Vannevar Bush è consigliere del democratico Roosevelt, ma è in buona sostanza un conservatore: convinto che non ci sia motore migliore per sviluppare la ricchezza della nazione che il laissez-faire. Sa, tuttavia, che le risorse dei privati non sono adeguate per creare un sistema fondato sulla scienza accademica. Un consapevolezza ormai abbastanza diffusa. Ben espressa, proprio in quei mesi, da un ufficiale della Marina: «Lo sviluppo della scienza ora richiede più ricerca di quanto le imprese private possano sopportare. Le università non possono più dipendere come nei giorni precedenti la guerra da generose donazioni. I loro staff sono inadeguati. L’industria sta finanziando sempre più la ricerca, ma i laboratori industriali saranno sempre concentrati sullo sviluppo (come io lo definisco), perché il primo compito dell’industria sarà sempre quello di produrre. Gli strumenti della ricerca stanno diventando sempre più costosi. Il governo deve dunque provvedere all’aiuto pubblico se è in gioco l’interesse nazionale, anche se il suo sostegno non deve degenerare in dominio».
Vannevar Bush condivide in pieno questa analisi. Così suggerisce che il grande passo: sia lo stato a creare il sistema nazionale di ricerca fondato sulla scienza di base. Ma intervenendo il meno possibile sul lavoro degli uomini di scienza.
L’agenzia che immagina Vannevar Bush è finanziata con soldi pubblici ma è diretta in piena libertà dagli scienziati, in modo che l’allocazione dei fondi sia indirizzata solo verso i centri e i gruppi di assoluta eccellenza, sulla base del puro merito e dei soli interessi scientifici, senza tenere in conto la loro distribuzione geografica. In pratica Bush delinea una politica di governo che riconosca non solo il valore strategico della ricerca scientifica di base, ma che ne rispetti l’integrale autonomia. La politica non deve interferire con le sue logiche nello sviluppo della scienza.

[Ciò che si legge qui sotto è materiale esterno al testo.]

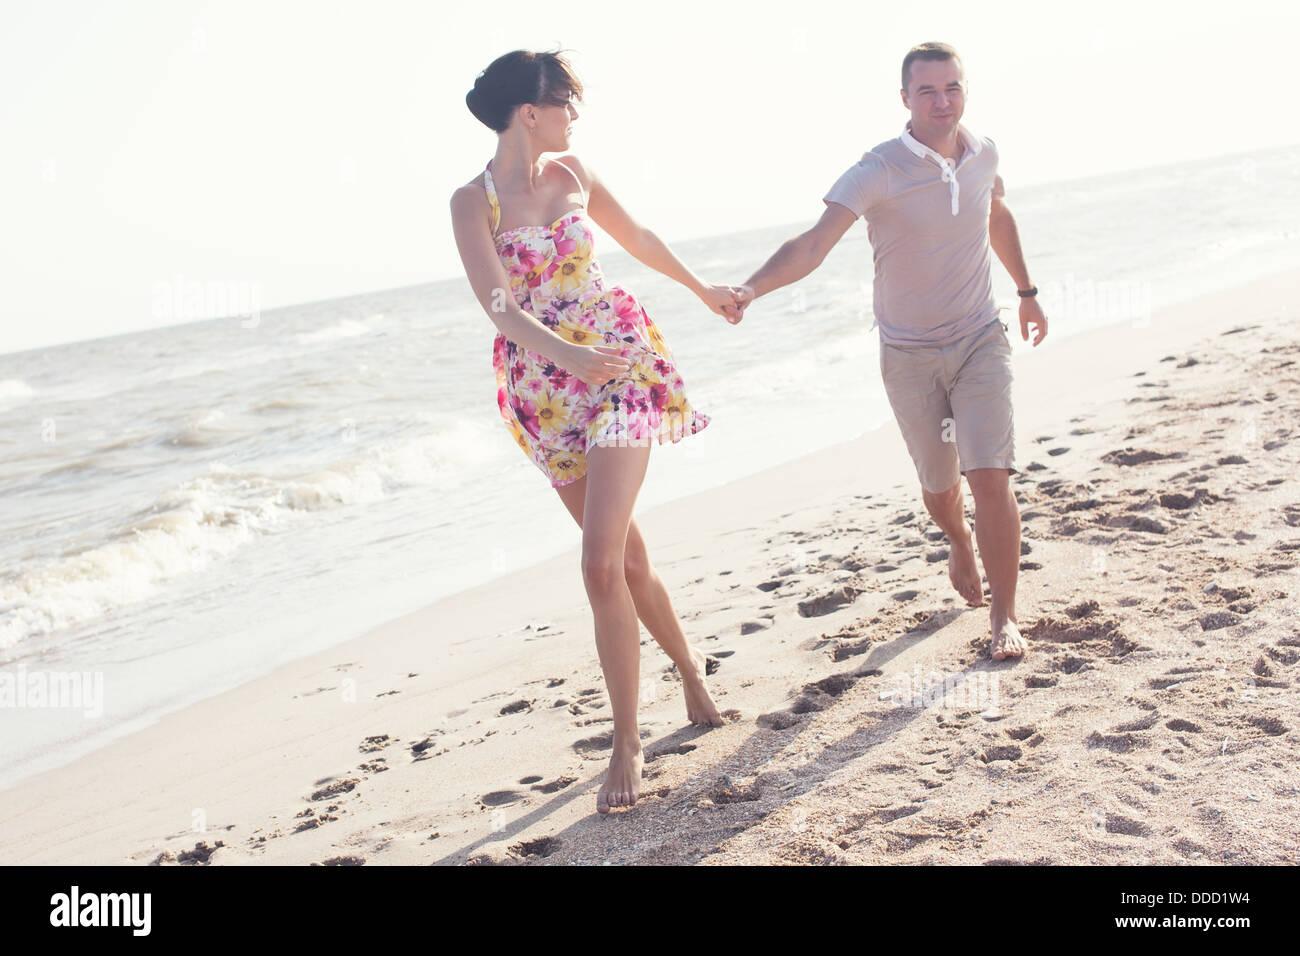 Imagen dinámica de marcha pareja en la playa. Cogidos de la mano. Verano divertido Foto de stock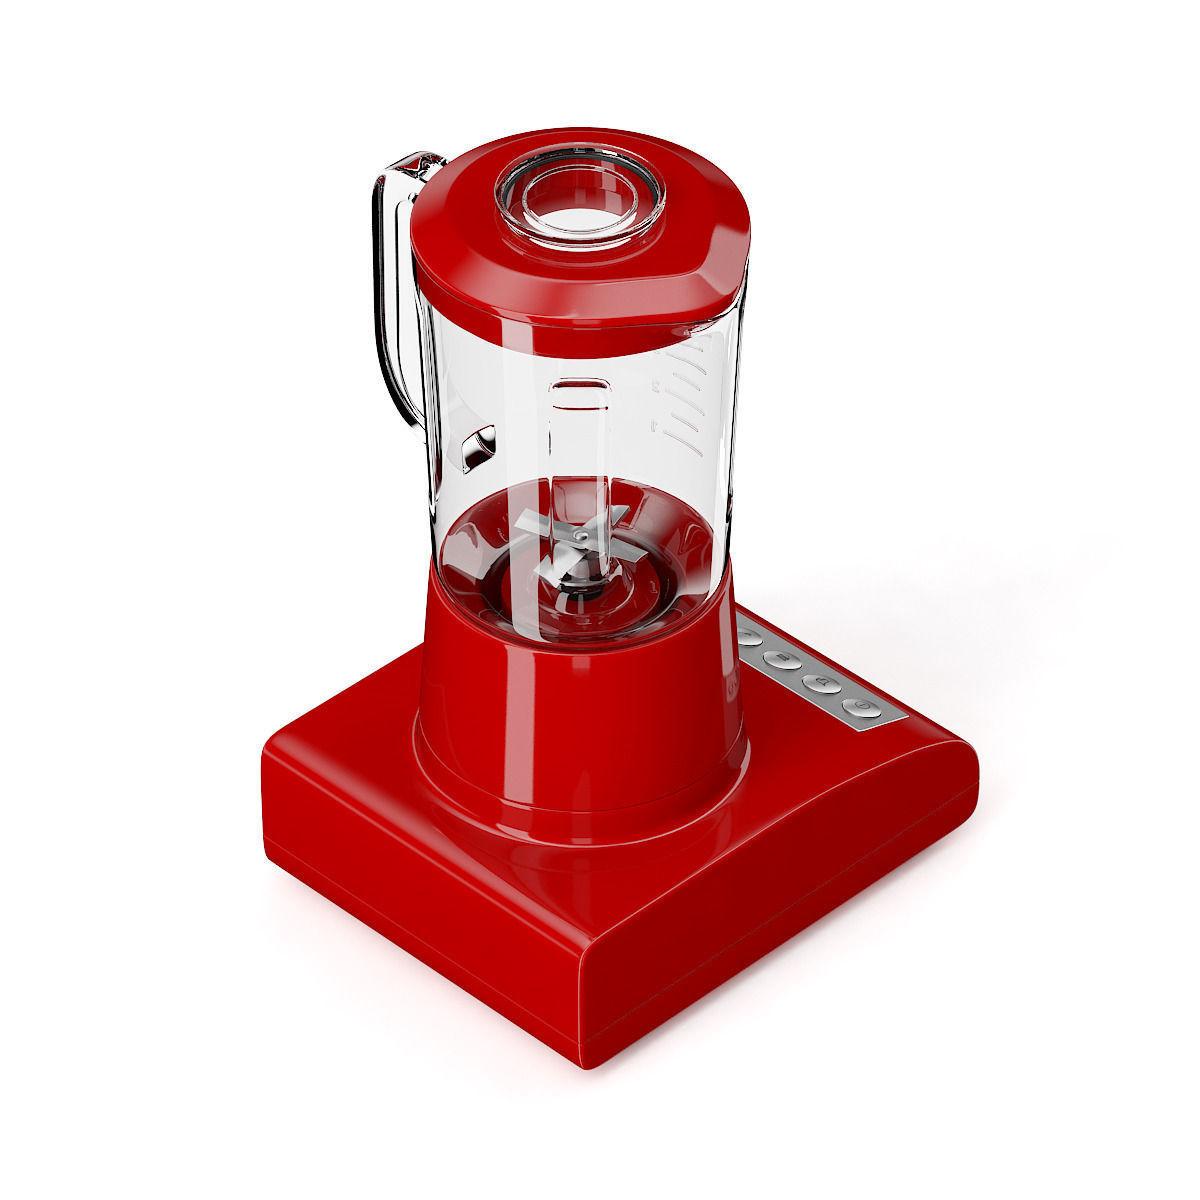 Red Countertop Blender 3D Model MAX OBJ FBX C4D MTL

Quando il rapporto viene pubblicato, il 25 luglio 1945, Franklin D. Roosevelt è già morto (il 12 aprile 1945) e, dunque, da tre mesi gli Stati Uniti hanno un nuovo presidente, nella persona di Harry S. Truman.
Truman è stato il vice di Roosevelt, ma nonostante questo fino a metà aprile del ‘45 non è mai stato a conoscenza del Manhattan Project. Non ha avuto modo, quindi, di apprezzare tutto il contributo dato dagli scienziati accademici alla sicurezza degli Stati Uniti. E, in ogni caso, non è lui che ha eletto Vannevar Bush a suo consigliere. Non è affatto scontato, quindi, che il rapporto Science: The Endless Frontier diventi la fonte di ispirazione della politica scientifica della nuova Amministrazione. E, infatti, non lo diventa.
È forse per questo che nel medesimo giorno in cui rende pubblico il suo rapporto, Vannevar Bush ribalti la sua posizione rispetto al Congresso e prende contatti con il senatore democratico Warren Magnuson affinché proponga una legge che ne esprima le idee di fondo e vincoli la politica del nuovo Presidente.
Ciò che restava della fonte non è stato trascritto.